An Icon Genetics cassette vector.

References

Weber et al., Figure 4A.

__init__(record)

Initialize self. See help(type(self)) for accurate signature.

assemble(module, *modules, **kwargs)

Assemble the provided modules into the vector.

Parameters:
  • module (AbstractModule) – a module to insert in the vector.
  • modules (AbstractModule, optional) – additional modules to insert in the vector.
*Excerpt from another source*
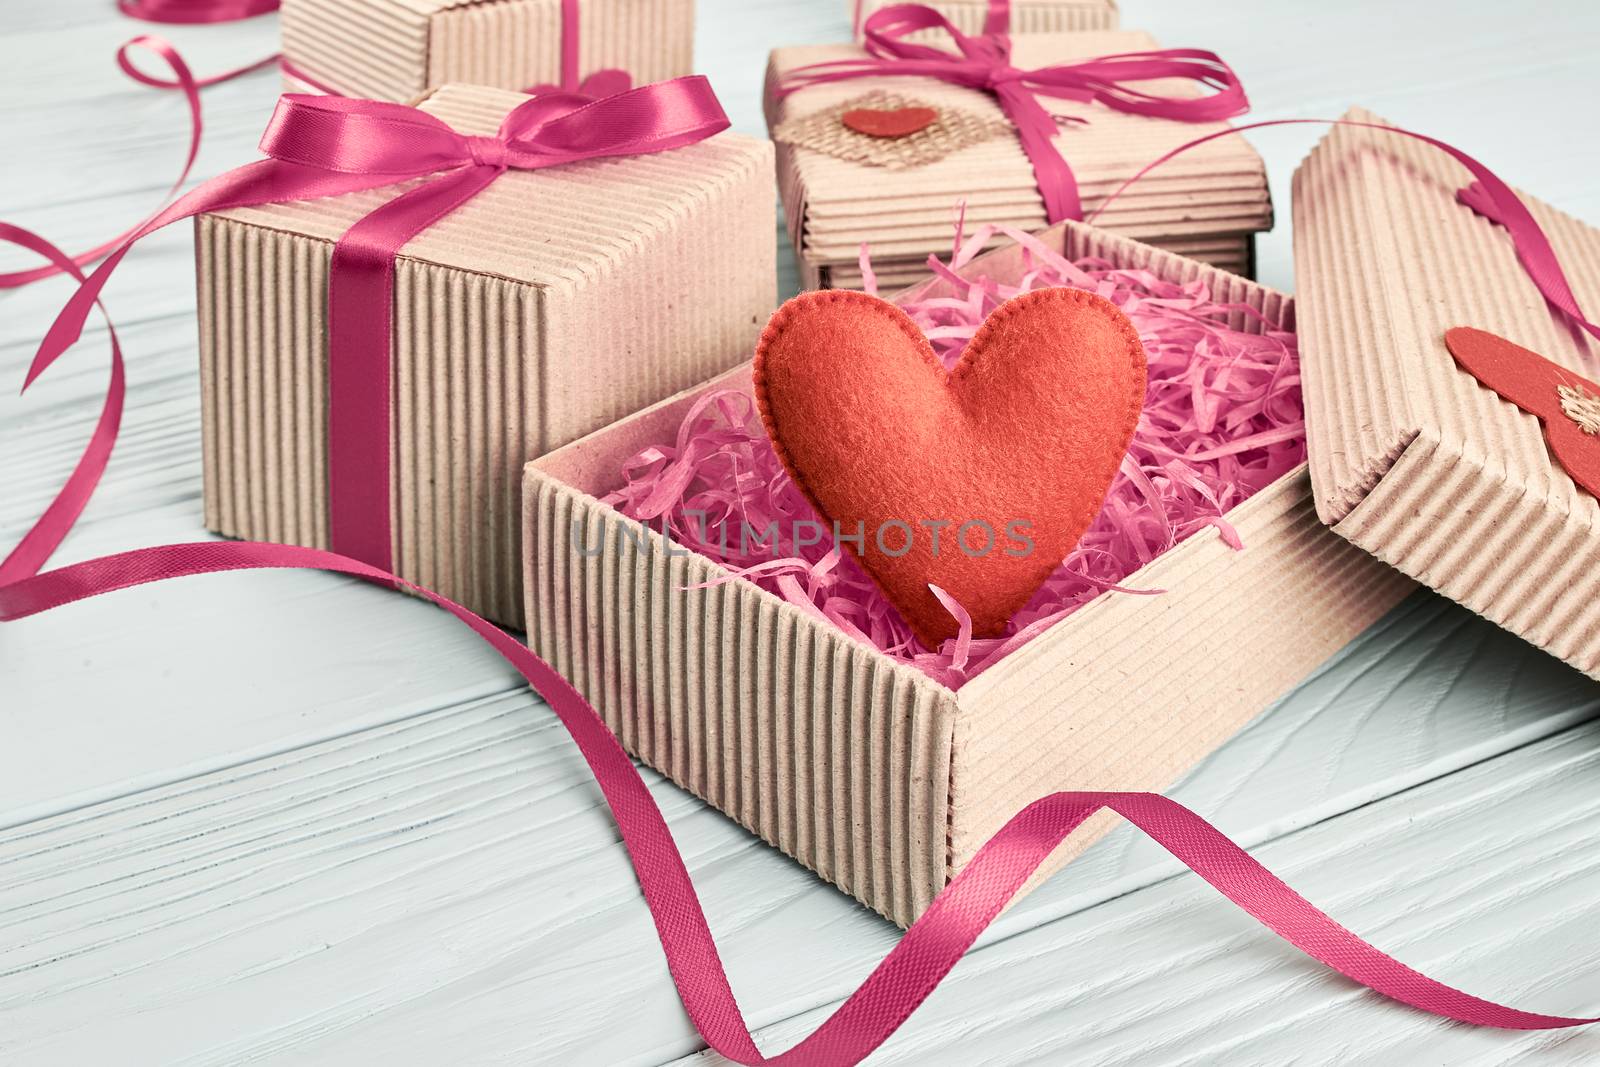 Valentines Day. Love hearts, gift boxes, presents stack. Handmade red heart, ribbons felt. Vintage retro romantic styled. Unusual creative art greeting card, wooden blue background, copyspace

The order of the parameters is not important, since modules will be sorted by their start overhang in the function.
Returns:

the assembled sequence with sequence annotations inherited from the vector and the modules.

Return type:

SeqRecord

Raises:
  • DuplicateModules – when two different modules share the same start overhang, leading in possibly non-deterministic constructs.
  • MissingModule – when a module has an end overhang that is not shared by any other module, leading to a partial construct only
  • InvalidSequence – when one of the modules does not match the required module structure (missing site, wrong overhang, etc.).
  • UnusedModules – when some modules were not used during the assembly (mostly caused by duplicate parts).
cutter

alias of Bio.Restriction.Restriction.BsaI

is_valid()

Check if the wrapped record follows the required class structure.

Returns:True if the record is valid, False otherwise.
Return type:bool
overhang_end()

Get the downstream overhang of the vector sequence.

overhang_start()

Get the upstream overhang of the vector sequence.

placeholder_sequence()

Get the placeholder sequence in the vector.

The placeholder sequence is replaced by the concatenation of modules during the assembly. It often contains a dropout sequence, such as a GFP expression cassette that can be used to measure the progress of the assembly.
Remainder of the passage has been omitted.